Two 12-week, randomized, double-blind, placebo-controlled, multicenter studies were conducted in 393 patients with PAH (WHO Group 1). The two studies were identical in design except for the doses of ambrisentan and the geographic region of the investigational sites. ARIES-1 (Ambrisentan in Pulmonary Arterial Hypertension, Randomized, Double-Blind, Placebo-Controlled, Multicenter, Efficacy Studies) compared once-daily doses of 5 mg and 10 mg ambrisentan to placebo, while ARIES-2 compared once-daily doses of 2.5 mg and 5 mg ambrisentan to placebo. In both studies, ambrisentan or placebo was added to current therapy, which could have included a combination of anticoagulants, diuretics, calcium channel blockers, or digoxin, but not epoprostenol, treprostinil, iloprost, bosentan, or sildenafil. The primary study endpoint was 6-minute walk distance. In addition, clinical worsening, WHO functional class, dyspnea, and SF-36® Health Survey were assessed.

Patients had idiopathic or heritable PAH (64%) or PAH associated with connective tissue diseases (32%), HIV infection (3%), or anorexigen use (1%). There were no patients with PAH associated with congenital heart disease.

Patients had WHO functional class I (2%), II (38%), III (55%), or IV (5%) symptoms at baseline. The mean age of patients was 50 years, 79% of patients were female, and 77% were Caucasian.

Submaximal Exercise Ability: Results of the 6-minute walk distance at 12 weeks for the ARIES-1 and ARIES-2 studies are shown in Table 5 and FIG. 5.

TABLE 5 Changes from Baseline in 6-Minute Walk Distance (meters) ARIES-1 ARIES-2 Placebo 5 mg 10 mg Placebo 5 mg 10 mg (N = 67) (N = 67) (N = 67) (N = 65) (N = 64) (N = 63) Baseline 342 ± 73 340 ± 77 342 ± 78 343 ± 86 347 ± 84 355 ± 84 Mean change from  −8 ± 79  23 ± 83  44 ± 63 −10 ± 94  22 ± 83  49 ± 75 baseline Placebo-adjusted mean 31 51 32 59 change from baseline Placebo-adjusted 27 39 30 45 median change from baseline p-value1 0.008 <0.001 0.022 <0.001 Mean ± standard deviation 1p-values are Wilcoxon rank sum test comparisons of ambrisentan to placebo at Week 12 stratified by idiopathic or heritable PAH and non-idiopathic, non-heritable PAH patients.

In both studies, treatment with ambrisentan resulted in a significant improvement in 6-minute walk distance for each dose of ambrisentan and the improvements increased with dose. An increase in 6-minute walk distance was observed after 4 weeks of treatment with ambrisentan, with a dose-response observed after 12 weeks of treatment. Improvements in walk distance with ambrisentan were smaller for elderly patients (age≧65) than younger patients and for patients with secondary PAH than for patients with idiopathic or heritable PAH. The results of such subgroup analyses must be interpreted cautiously. The effects of ambrisentan on walk distances at trough drug levels are not known. Because only once daily dosing was studied in the clinical trials, the efficacy and safety of more frequent dosing regimens for ambrisentan are not known. If exercise ability is not sustained throughout the day in a patient, consider other PAH treatments that have been studied with more frequent dosing regimens.

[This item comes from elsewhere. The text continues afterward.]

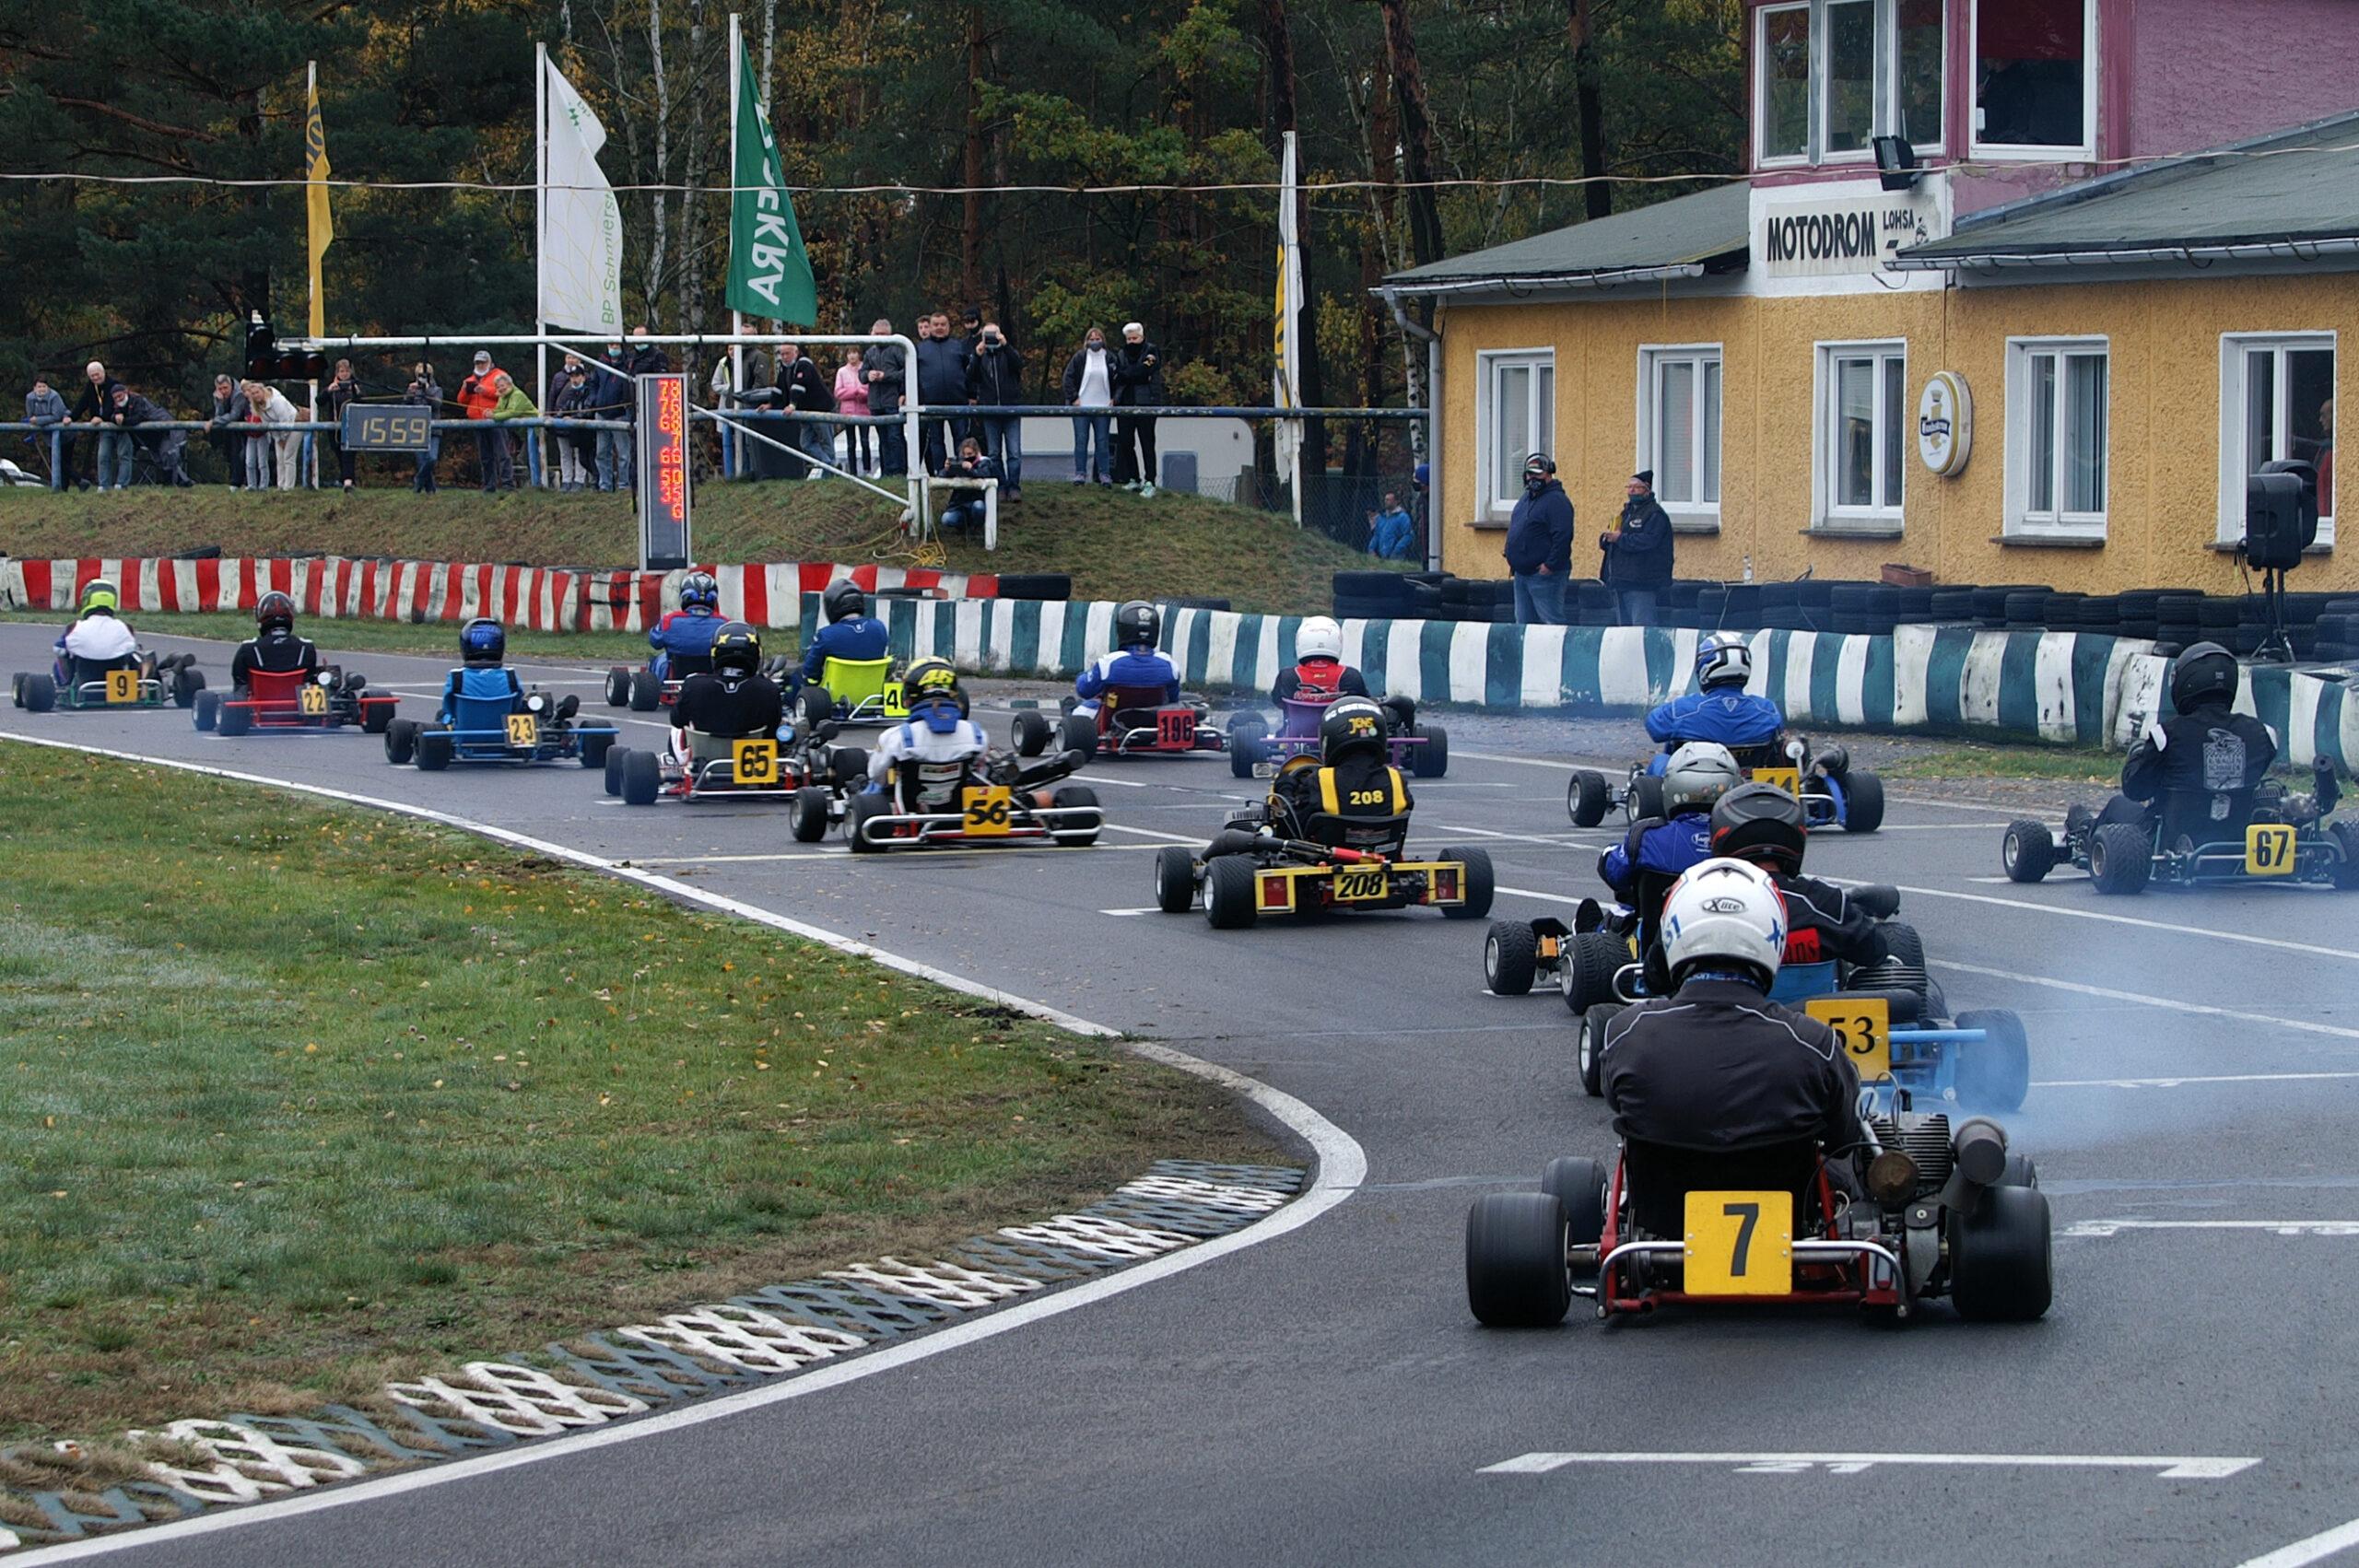 Saisonfinale des Ostdeutschen ADAC Kart Cup 2020 in Lohsa - Foto: © ADAC Sachsen e. V.

Clinical Worsening: Time to clinical worsening of PAH was defined as the first occurrence of death, lung transplantation, hospitalization for PAH, atrial septostomy, study withdrawal due to the addition of other PAH therapeutic agents or study withdrawal due to early escape. Early escape was defined as meeting two or more of the following criteria: a 20% decrease in the 6-minute walk distance; an increase in WHO functional class; worsening right ventricular failure; rapidly progressing cardiogenic, hepatic, or renal failure; or refractory systolic hypotension. The clinical worsening events during the 12-week treatment period of the ambrisentan clinical trials are shown in Table 6 and FIG. 6.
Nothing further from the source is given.